AWS has been helping airports and airlines collaborate and share data. We see the potential to build airport and airline collaboration by focusing obsessively over the shared passenger experience. For example, we’re taking a hands-on approach with airports to understand specific passenger pain points, help identify the data required to solve it, and work alongside their airline partners to share the data to solve that passenger pain point.
Third-party companies offer data feeds specifically to improve airport operations. For example, Passur provides airports with near-real-time data feeds, including flight positions, flight predictions, and flight-event data through APIs built on AWS. “Airports use our data to improve asset management, capacity planning, and collaboration with airlines,” says Passur’s CEO, Brian Cook. “Our data feeds provide airports with advance notification of delays so they can proactively adjust operations to manage the disruption.” In addition, AWS Data Exchange, where third-party data is easy to find in one data catalog, has thousands of datasets, including weather and flight data.
AWS is known for our unique culture and approach to innovation. We have taken this methodology and adapted it specifically to help customers innovate and solve business problems with data. We call it the AWS Data-Driven Everything Program (D2E). We have helped hundreds of customers using D2E. We recently ran a D2E session for a customer in the travel industry that found it challenging to build a unified view of its customer with rich demographic and behavioral attributes. Our travel industry customer wanted to microsegment its customers to personalize support and improve its net promoter scores (NPS) by more than 20 percent. The outcome of the D2E was an aspirational vision for a customer 360 capability, a plan to build a minimum viable product (MVP) version of the product, and fast-follower features to iteratively deliver improvements to the unified customer profile product.

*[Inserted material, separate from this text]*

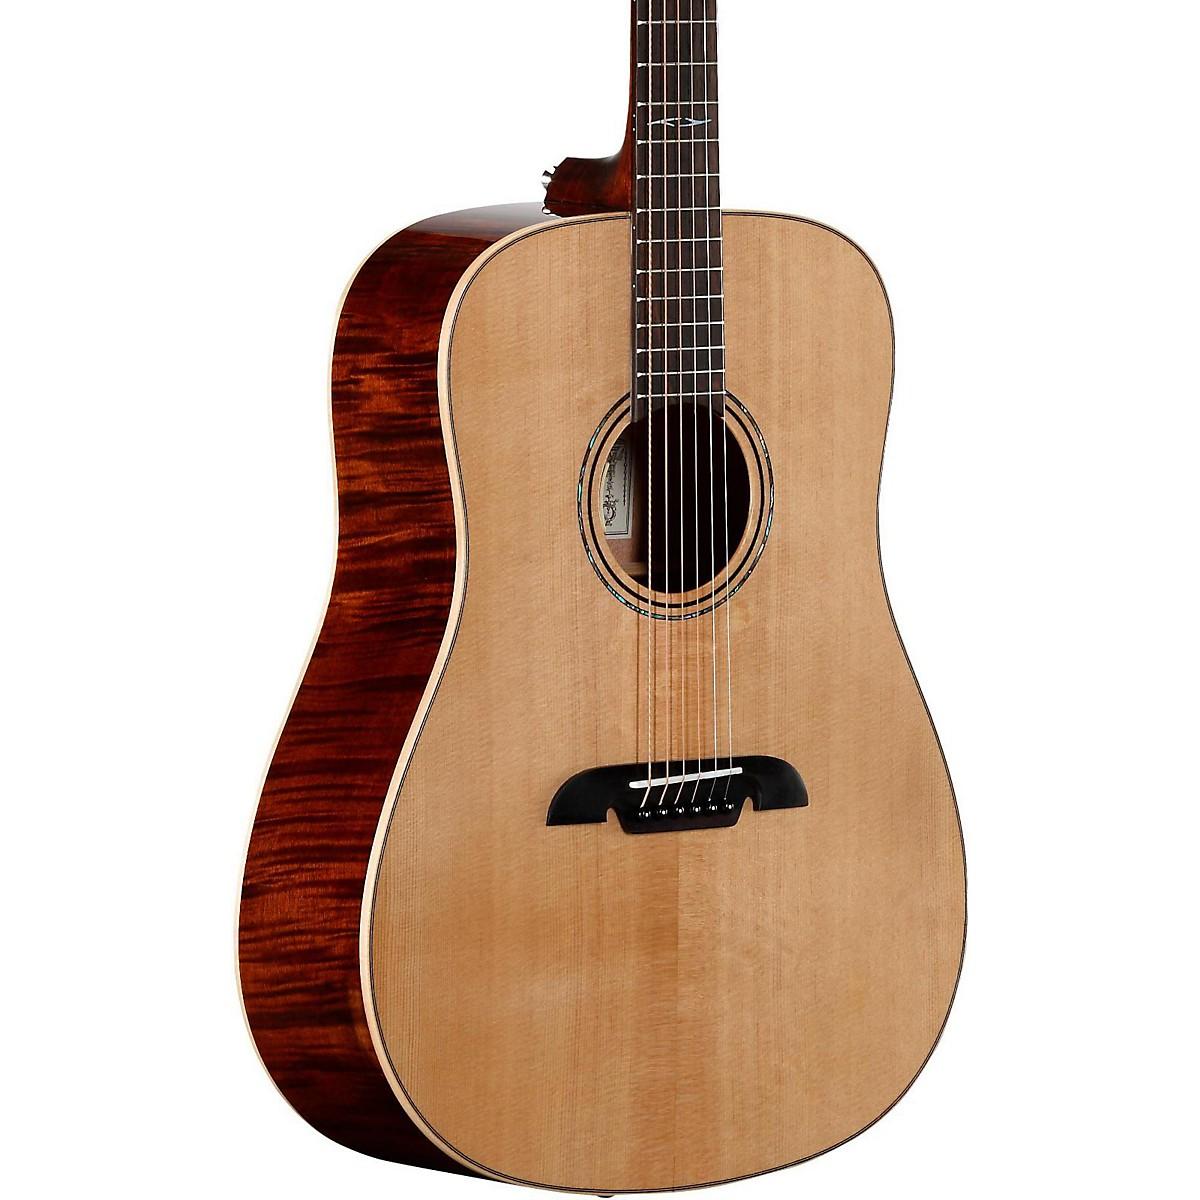 Alvarez AD610EFM Limited Edition Dreadnought Acoustic-Electric Guitar

Airports can get started on building and improving their data platforms. AWS Consulting and Technology Partners can help airports build faster or implement proven solutions. AWS offers a range of services, such as AWS Lake Formation to build a secure data lake platform, Amazon Forecast to forecast business outcomes easily and accurately using ML, and Amazon SageMaker to build, train, and deploy ML models. All AWS customers can reach out to their account manager, who can help them get started and bring in solutions architects and subject matter experts to provide guidance and support. We even have an AWS Professional Services team to help customers and Partners achieve desired business outcomes with AWS.

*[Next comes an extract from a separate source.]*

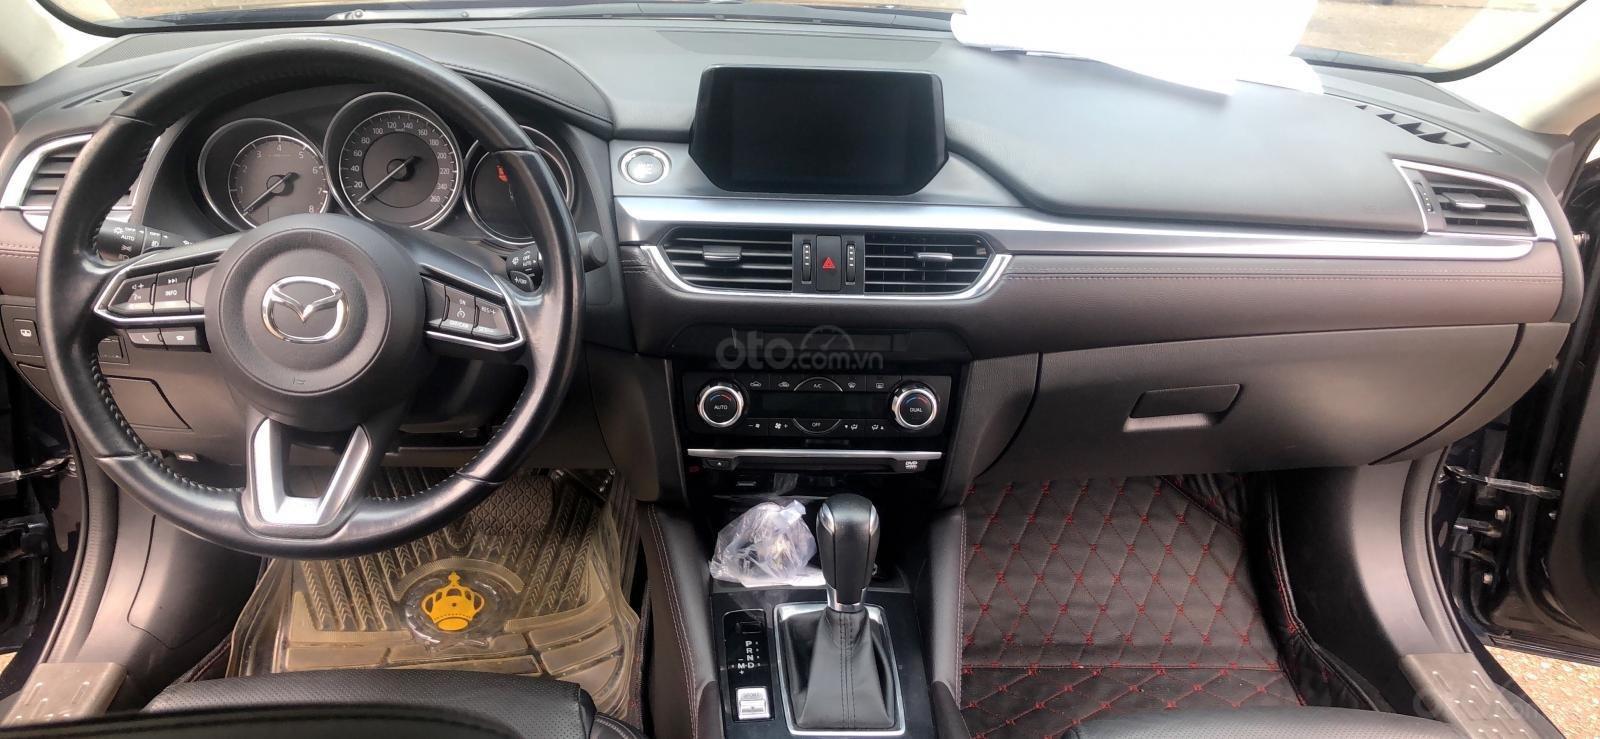 Bán xe Mazda 6 2.0 2017 Premium xanh đen, đi 11K km-1

So, what’s next for airports and data? In part because of the COVID-19 pandemic, recent airport capacity constraints, and the recent advances in technology, I expect it to get much easier for airports to share data and to use this data in a more meaningful way: to forecast capacity issues and put plans in place to address them, to offer personalized services to passengers, and to better collaborate with their business stakeholders.
I look forward to future conversations with people I meet to go beyond, Why don’t airports know…? to being asked, How does the airport know? Not only will the airport know, but the passengers will know too. And they’ll love it.